Das Problem liegt nicht an deinem Code, vielmehr am Browser!
Für ein geöffnetes Firefox Fenster inkl all seiner Tabs gibt es nur 1 Session, dh wenn du eine neue Tab aufmachst hast du keine neue Session sondern benutzt nach wie vor die Session des Fensters.


----------



## Atze (16. Apr 2008)

das ganze zieht sich über alle fenster des firefox, sogar über die downloadfenster. solange der firefox nicht komplett geschlossen ist, ist es die gleiche session


----------



## y0dA (16. Apr 2008)

Atze hat gesagt.:
			
		

> das ganze zieht sich über alle fenster des firefox, sogar über die downloadfenster. solange der firefox nicht komplett geschlossen ist, ist es die gleiche session



jo so meinte ich das auch - ist besonders spannend das einem kunden mitzuteilen, der es gewohnt ist in einer applikation mehrmals, mit verschiedenen benutzern, eingeloggt zu sein..


----------



## Guest (16. Apr 2008)

hi,

danke für eure schnelle antwort.
mmmm! ist aber gar nicht befriedigend. wie kann ich das den sonst sauber lösen? hat vielleicht jemand in der hnisicht noch ne idee?

grüße und danke


----------



## Atze (16. Apr 2008)

@y0dA:

kann der kunde ja, einmal mit dem explorer, einmal mit dem firefox, einmal mit opera ... 

@ gast:
ja, du hast die anwendung sicher in nem server laufen, oder? lass mich mal raten, in nem tomcat? dem tomcat kannst du aber sagen, wie lange er eine session aufrecht erhalten soll, bzw kannst mit bestimmten konfigurationen selbst die benutzer verwalten

informier dich mal über "Security Realms"


----------



## maki (16. Apr 2008)

Die Session wird nicht zwischen UNtersachiedlichen Instanzen des FF/IE geteilt.

Nur bei: Neuer Tab(CTRL+T, Neues Fenster (CTRL+N)

Öffnet man einen neuen Browser "richtig", bleibt die Session da wo sie hingehört.


----------



## Guest (16. Apr 2008)

hi,

@Atze: sehr gute idee mit den verschiedenen browsern 

aber das bringt mich auf folgende idee:

spontan werde ich es evt. so machen.

ich lese die sessionid aus und speichere die bei erfolgreicher anmeldung in dem sessionbean. wenn dann ein weiteres fenster geöffnet wird und die sessionid schon vergeben ist (was bei tags ja der fall ist), dann verweigere ich den zugriff, vielleicht mit einen redirect (weiß einer wie das geht?). sollte  eigentlich so gehen 

wenn ich zwei verschiedene browser auf habe werde ich dann das problem nicht haben, weil jeder browser seine eigene session und damit auch sessionid hat.
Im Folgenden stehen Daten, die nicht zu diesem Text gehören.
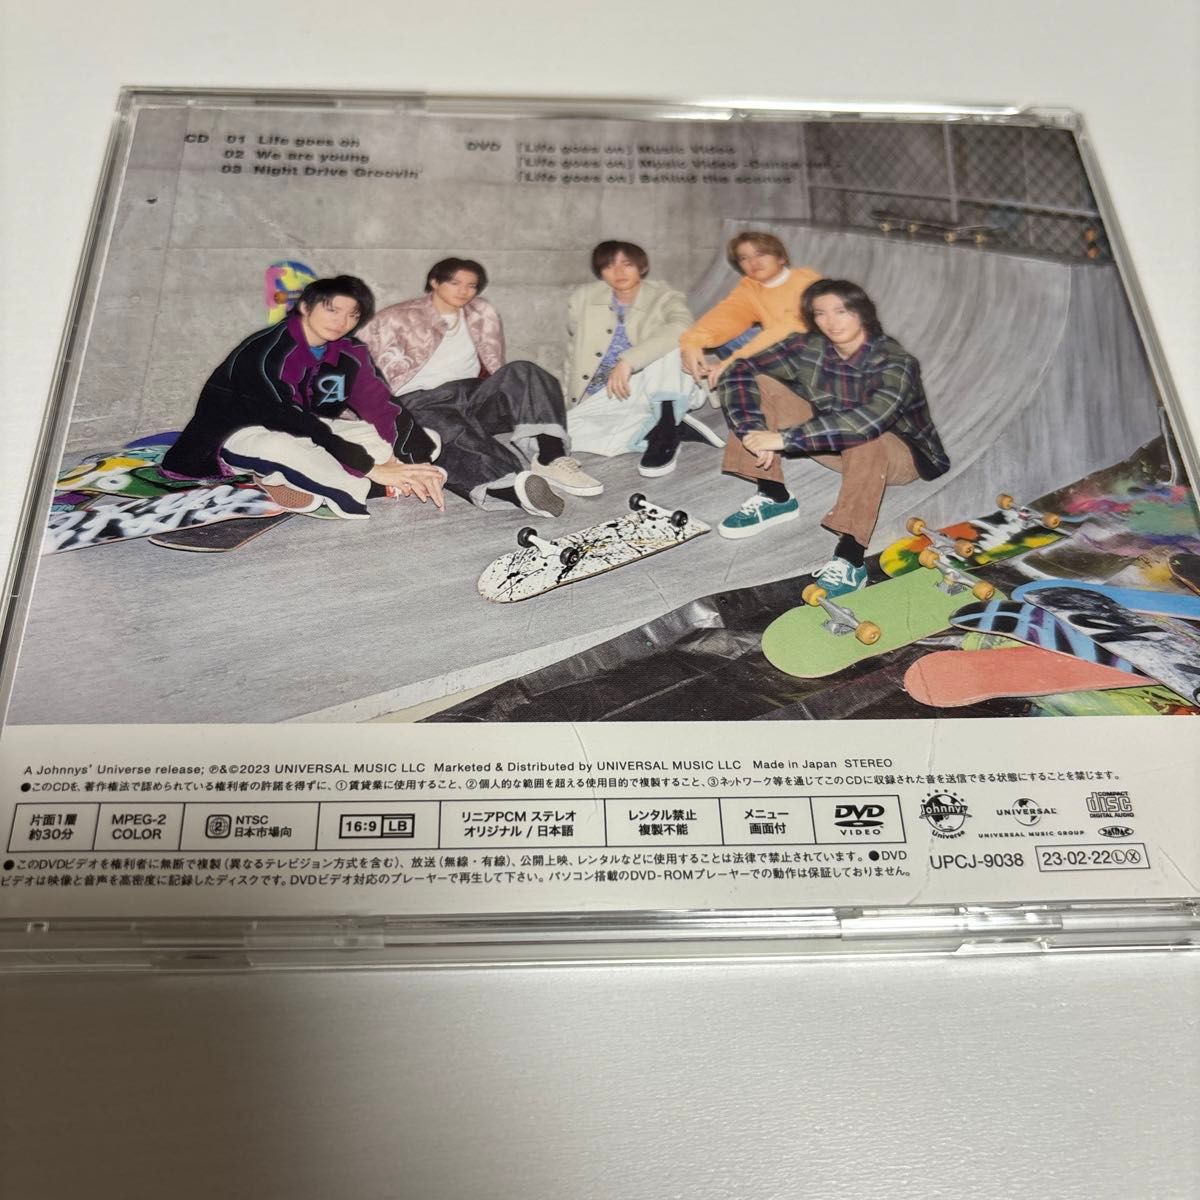 初回限定盤A DVD付 King & Prince CD+DVD/Life goes on/We are young

was halltet ihr von der spontanen idee?

grüße


----------



## maki (16. Apr 2008)

> ch lese die sessionid aus und speichere die bei erfolgreicher anmeldung in dem sessionbean. wenn dann ein weiteres fenster geöffnet wird und die sessionid schon vergeben ist (was bei tags ja der fall ist), dann verweigere ich den zugriff, vielleicht mit einen redirect (weiß einer wie das geht?). sollte eigentlich so gehen icon_smile.gif


Einen Servlet Filter schreiben ist der übliche Weg, deine Lösung würde wenn überhaupt nur mit JS umzusetzen sein.


----------



## Guest (16. Apr 2008)

hallo,

ich hab zu dem sessionbean nochmal ne frage.
dieses sessionbean was ich bei netbeans automatisch erhalte, hat ja eigentlich nicht wirklich was zu tun mit der eigentlichen session des browsers, oder? also der HttpSession klasse?
vielmehr wird dieses sessionbean von der HttpSession klasse initalisiert, oder? verstehe ich das richtig. 
das sessionbean enthält ja außer den callback methoden init(), activat(), passivate(), destroy() keine properties für die jsessionid.
die eigentliche session wird ja beim aufrufen der url erstellt, also mit jsessionid usw. und das sessionbean wird erst initalisiert, wenn dort daten in angelegten properties gespeichert werden.

vielleicht kann jemand noch kurz dazu stellung nehmen. damit ich weiß ob ich es richtig verstanden haben.

grüße und vielen dank. 

schönen feierabend an alle, die das lesen, und natürlich auch allen andern


----------